There are, thankfully, tools to bridge the divide between the gratification of the web and the illumination of actual reading.
Strip down and simplify your text
The inconvenience and distraction of web reading has been addressed by a few different web geeks and entrepreneurs in a mostly similar fashion. If you don’t mind reading on a screen, but want that screen far less cluttered, these are the tools to turn to:
- Instapaper: The king of clean text and convenience. First you drag Marco Arment's "Read Later" tool into your browser’s favorites/bookmarks collection. Then, whenever you see an article you want to read click the button. This will save your stories at the Instapaper website (which requires registration), and allow it be to read anytime via an iPhone or iPad app, or on your Kindle. One tip: view the article in a single page or printer-friendly version before you tap the Read Later button.
- Readability: As a pure text-and-images reading tool, Readability does a good job, and it’s easy to install on most browsers. To read articles later, though, and feel better about stripping out advertising, Readability asks for a minimum of $5 per month from readers, which it’s trying as hard as it can to send to great content creators—publications, bloggers, whomever. If you’re using the latest version of Safari, some of Readability’s features are built into a new "Reader" mode.
- Read It Later: A simple app that lets you do what it says, on nearly any device you have with a screen.
Send good reads right to your Kindle
Got a Kindle? Thinking about getting one of those sleek new Kindle Fire tablets? Do some quality reading on your thin little screen, both hand-picked and expertly curated. Delivereads takes compelling content from around the web and pushes it wirelessly to your Kindle, with no effort on your part. Tinderizer makes it a one-click process to send web articles to your Kindle, where email and Wikipedia and Twitter won’t be able to find you for a while.
Have your computer read any text out loud to you
Computer-generated voices have improved, to the point where only the occasional five-dollar word or proper name gets a bit mangled. If you’ve got an article you want to get through, but just don’t have time not to double-task, enlist your headphones or computer speakers.
On a Mac, you can open up System Preferences, hit the Speech section, and look in the "Text to Speech" tab. There’s a box there to "Speak selected text when the key is pressed," which you should tick on, and then a "Set key" button, where you choose the keyboard combo you want to start reading what you see on your screen.
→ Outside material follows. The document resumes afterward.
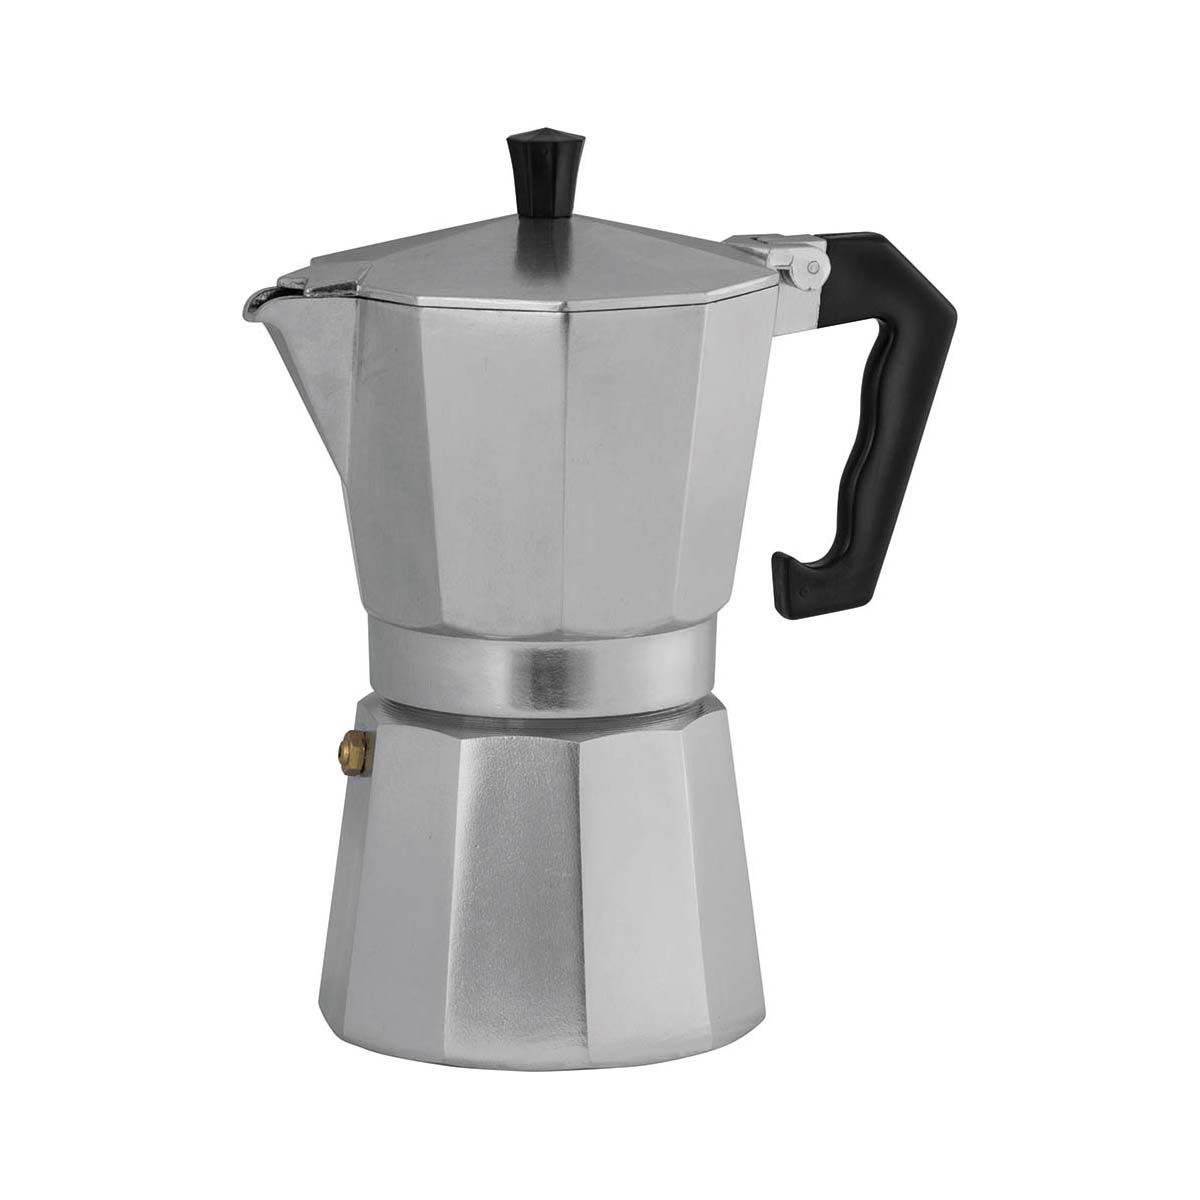 Avanti Classic Pro Espresso Coffee Maker 600ml

Windows users can either dig into their "Ease of Access" settings in the Control Panel, or try an app like Balabolka. Both apps work best after your web reading has been run through one of the cruft strippers mentioned earlier.
Speed up your audiobooks (or any spoken word files)
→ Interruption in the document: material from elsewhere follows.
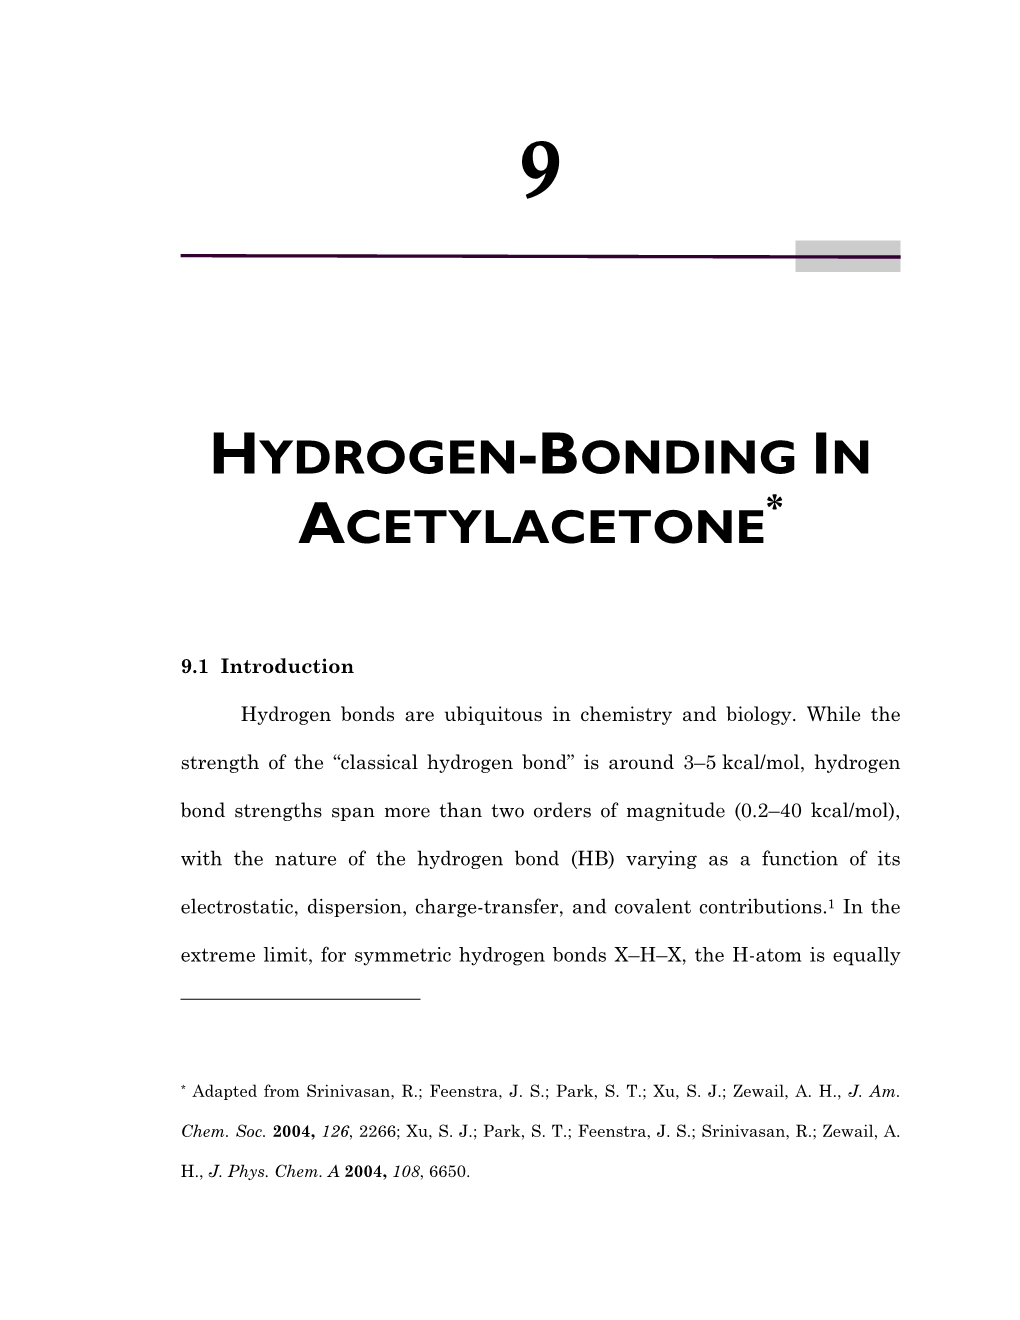 Hydrogen-Bonding in Acetylacetone*

If your literary-minded friends think that audiobooks aren’t really reading, they’re really going to flip when they hear that you’ve been clipping through books at nearly twice the standard speed. It’s easy, but not quite obvious, to change the playback speed on any file on any iPhone, iPod, iPad, or in Windows Media Player. On Android phones, both the official Audible app, and Osplay let you cut faster through your self-imposed reading list.